Stored dataset items
▼

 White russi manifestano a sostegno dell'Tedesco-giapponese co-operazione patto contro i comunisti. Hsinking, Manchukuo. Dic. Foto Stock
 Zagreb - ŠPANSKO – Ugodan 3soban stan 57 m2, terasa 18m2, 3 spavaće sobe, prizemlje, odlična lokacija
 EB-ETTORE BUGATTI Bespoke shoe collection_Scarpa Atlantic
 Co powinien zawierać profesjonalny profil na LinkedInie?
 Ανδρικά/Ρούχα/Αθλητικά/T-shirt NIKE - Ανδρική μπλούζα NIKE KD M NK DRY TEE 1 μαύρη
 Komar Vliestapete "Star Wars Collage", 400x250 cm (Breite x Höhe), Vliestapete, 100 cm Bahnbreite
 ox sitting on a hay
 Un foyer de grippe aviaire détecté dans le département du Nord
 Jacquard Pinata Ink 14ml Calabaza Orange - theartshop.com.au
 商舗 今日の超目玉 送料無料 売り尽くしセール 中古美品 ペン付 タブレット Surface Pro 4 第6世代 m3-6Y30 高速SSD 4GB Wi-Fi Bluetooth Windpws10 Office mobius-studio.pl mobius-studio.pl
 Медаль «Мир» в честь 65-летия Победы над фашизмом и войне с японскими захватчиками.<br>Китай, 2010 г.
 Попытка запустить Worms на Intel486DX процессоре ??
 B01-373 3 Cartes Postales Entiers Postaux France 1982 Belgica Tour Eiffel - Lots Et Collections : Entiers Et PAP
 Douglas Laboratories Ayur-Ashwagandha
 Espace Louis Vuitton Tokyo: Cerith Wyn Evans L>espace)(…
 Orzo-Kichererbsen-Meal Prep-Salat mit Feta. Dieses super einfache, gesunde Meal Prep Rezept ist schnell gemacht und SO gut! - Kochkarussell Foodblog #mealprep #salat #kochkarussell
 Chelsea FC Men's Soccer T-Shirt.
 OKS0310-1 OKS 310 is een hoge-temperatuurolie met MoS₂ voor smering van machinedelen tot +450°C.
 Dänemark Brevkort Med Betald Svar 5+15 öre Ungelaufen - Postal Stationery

▲

- [What to produce] Would you set down, word for word, the lines from the opening of the entries above through the line with "Ανδρικά/Ρούχα/Αθλητικά/T-shirt NIKE - Ανδρική", both included, and no others?

- [Answer space]
 White russi manifestano a sostegno dell'Tedesco-giapponese co-operazione patto contro i comunisti. Hsinking, Manchukuo. Dic. Foto Stock
 Zagreb - ŠPANSKO – Ugodan 3soban stan 57 m2, terasa 18m2, 3 spavaće sobe, prizemlje, odlična lokacija
 EB-ETTORE BUGATTI Bespoke shoe collection_Scarpa Atlantic
 Co powinien zawierać profesjonalny profil na LinkedInie?
 Ανδρικά/Ρούχα/Αθλητικά/T-shirt NIKE - Ανδρική μπλούζα NIKE KD M NK DRY TEE 1 μαύρη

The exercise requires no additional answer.